▶ [EXERCISE BRIEF]:
Without pictures, output exactly the lines running from the line containing "Drama cực căng" to the end of the listing below.

▶ [COLLECTED DATA]:
===
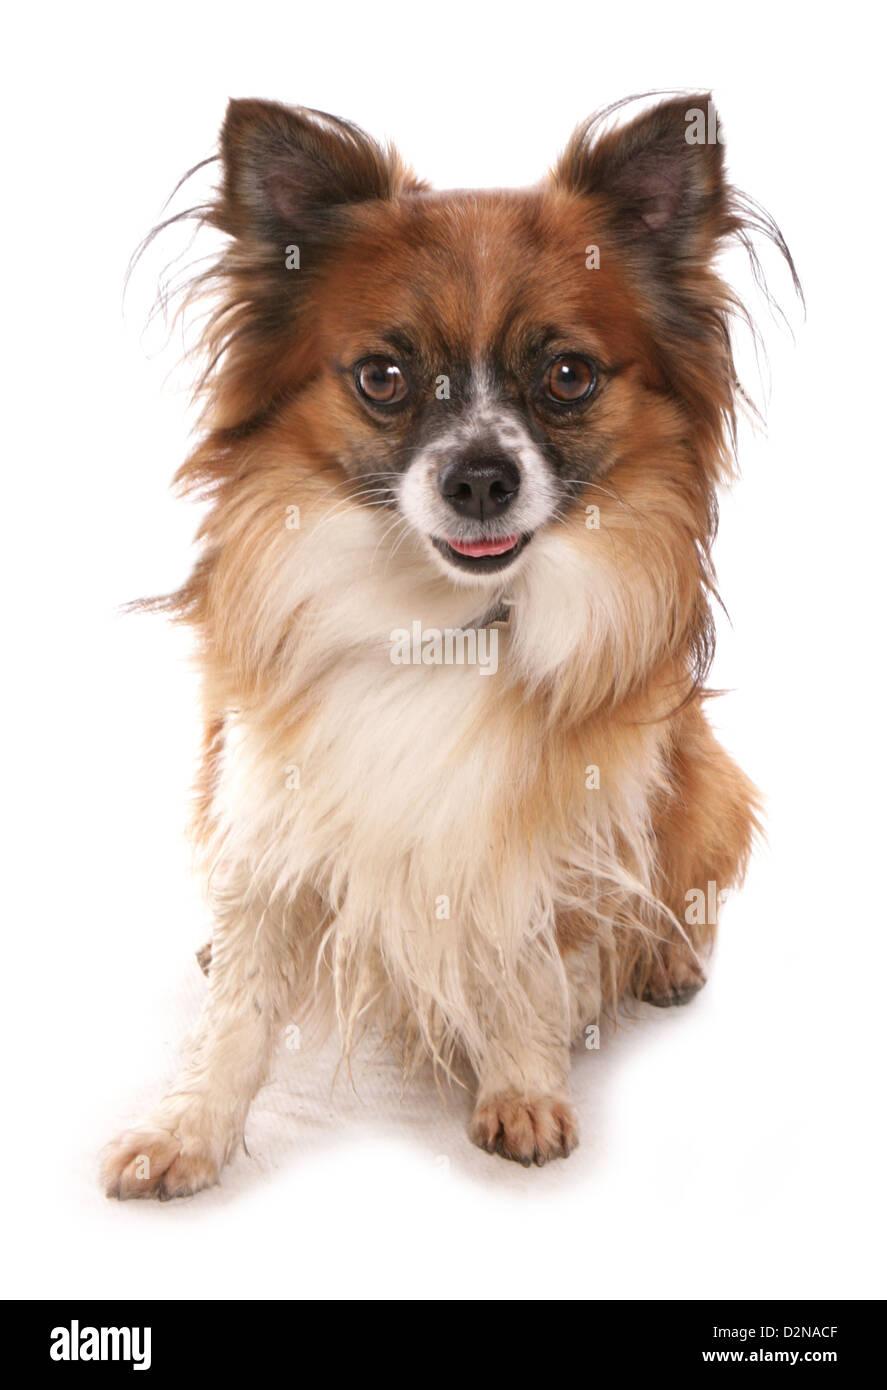 pet dog studio cutout - Stock Image
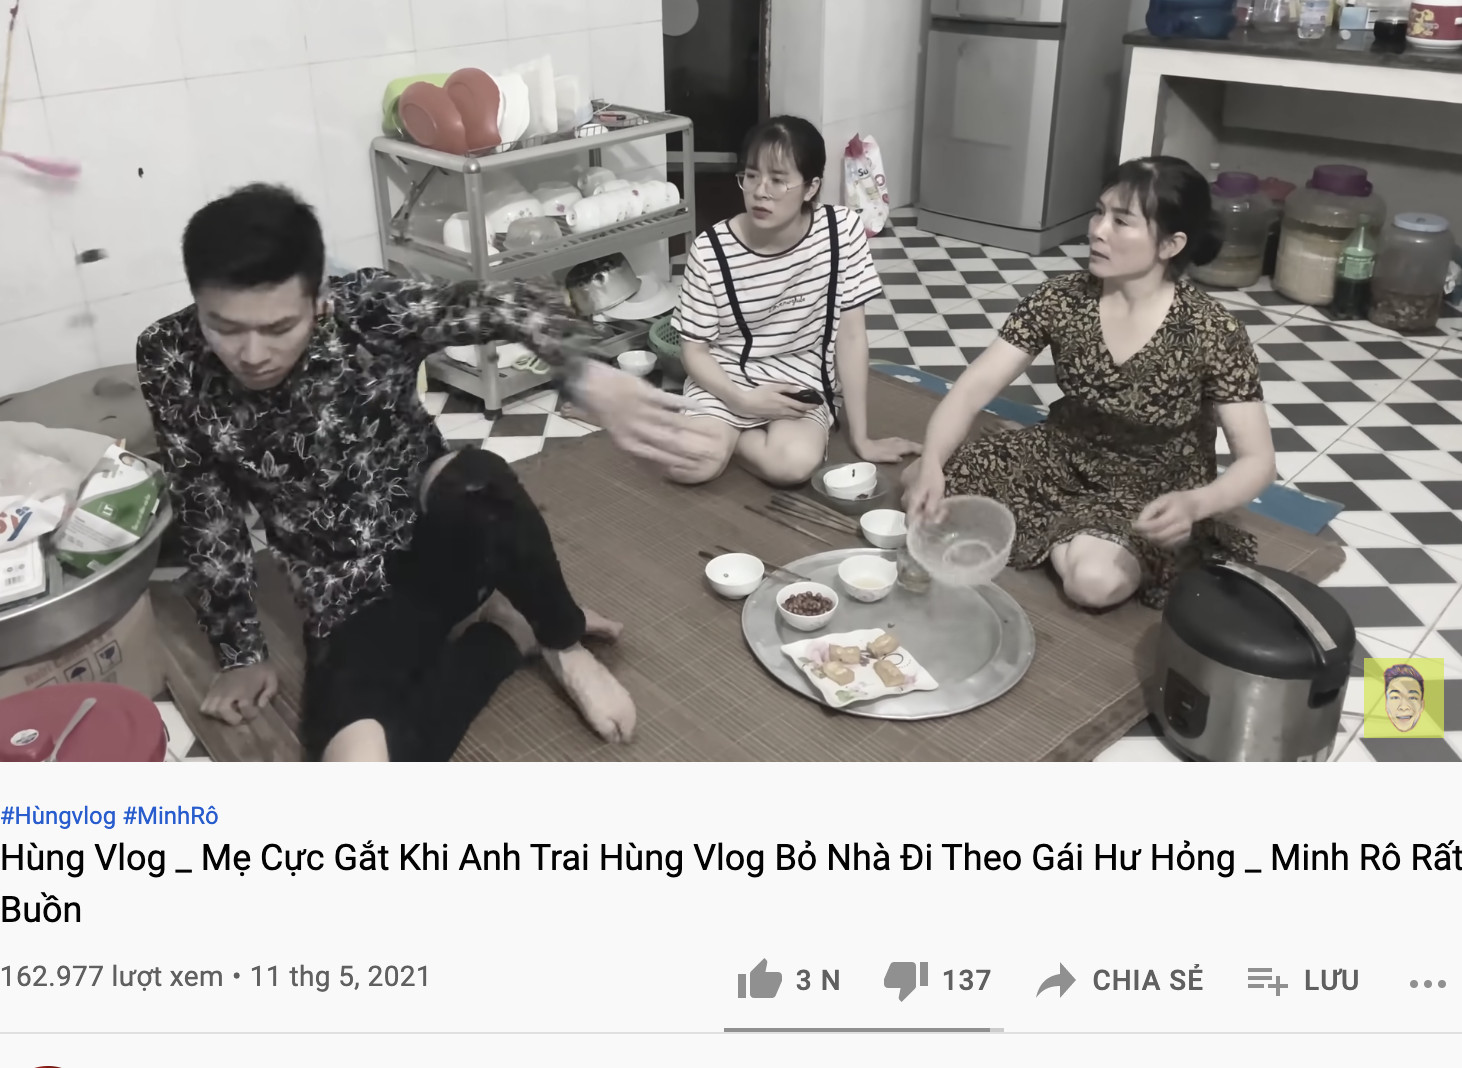 Drama cực căng ở quê bà Tân Vlog: Một thanh niên bỏ nhà đi theo bạn gái, hôm sau xuất hiện trong clip ăn chực - Ảnh 4.
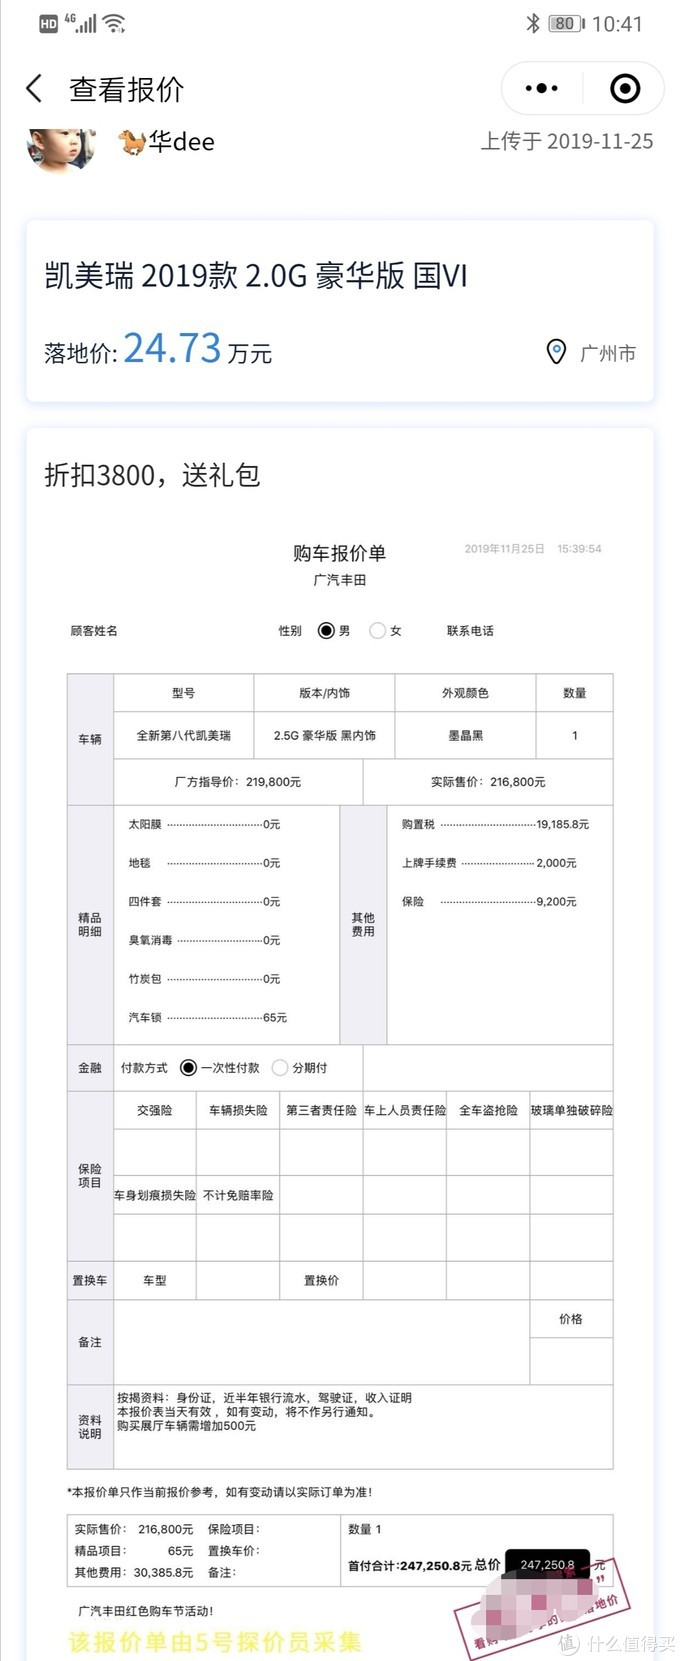 【金刚探车展】凯美瑞越到年底越贵?广州车展不例外(内附报价单)
===
▶ [OUTPUT FOR THIS EXERCISE]:
 Drama cực căng ở quê bà Tân Vlog: Một thanh niên bỏ nhà đi theo bạn gái, hôm sau xuất hiện trong clip ăn chực - Ảnh 4.
 【金刚探车展】凯美瑞越到年底越贵?广州车展不例外(内附报价单)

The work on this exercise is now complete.